Ziegler Concurrence: Admissions Determinative
In her concurrence, Justice Ziegler pointed out the supreme court would usually construe the pleading in a light most favorable to the non-moving party. Such an approach, she explained, could allow a conclusion that the pleadings sufficiently alleged that Pagoudis initially purchased the property in his personal capacity.
However, Justice Ziegler wrote, “Counsel’s admissions demonstrate that Pagoudis only ever acted through his LLC, never in his personal capacity.”
Roggensack Concurrence/Dissent: Allow Claims to Proceed
Justice Roggensack agreed that Sead’s claims must be dismissed for failure to state a claim.
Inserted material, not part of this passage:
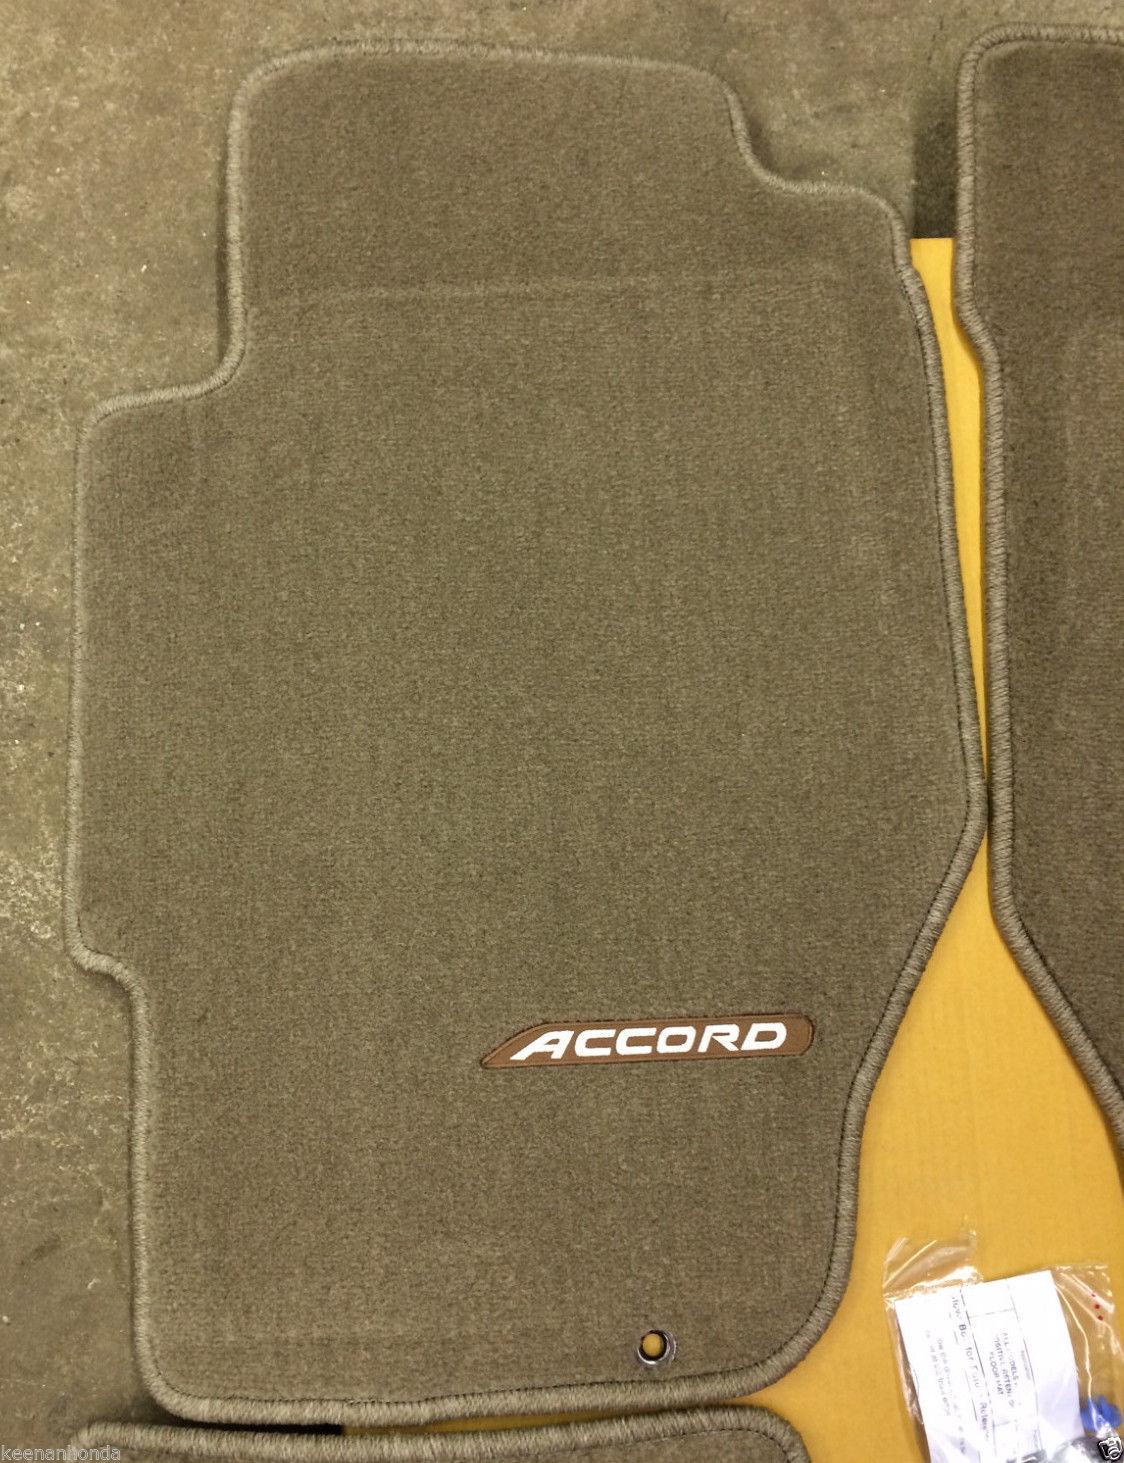 Honda Accord Sedan >> Amazing Genuine OEM Honda Accord 4dr Sedan Beige Tan Carpet Floor Mat Set 1998-2002 Mats 2017 ...

But she argued that the misrepresentation and false advertising claims made by Pagoudis and Kearns should be allowed, so those parties could develop facts relevant to the claim.
Roggensack also argued that the majority ignored the fact that misrepresentation and false advertising claims sounded in tort and were therefore assignable by Pagoudis to either or both of the LLCs.
“Here, an ‘assignment’ from Pagoudis is not in the record, so we do not know if there is a document that sets the terms of the assignment,” Roggensack wrote.
R.G. Bradley Concurrence/Dissent: Statute ‘Castrated’
In her dissent, Justice R.G. Bradley argued that the supreme court over a series of cases had “castrated” the plain meaning of section 100.18(1).
The statute prohibits fraudulent real estate-related representations “to the public.” However, R.G. Bradley explained, the supreme court has held that a statement made to a single person fell within the ambit of section 100.18.
She argued that the majority erred by holding that the Keidls had made a representation to the public by making representations to Sead.
“The plain statutory language does not extend to representations made solely to the buyer during a private real estate transaction,” R.G. Bradley wrote.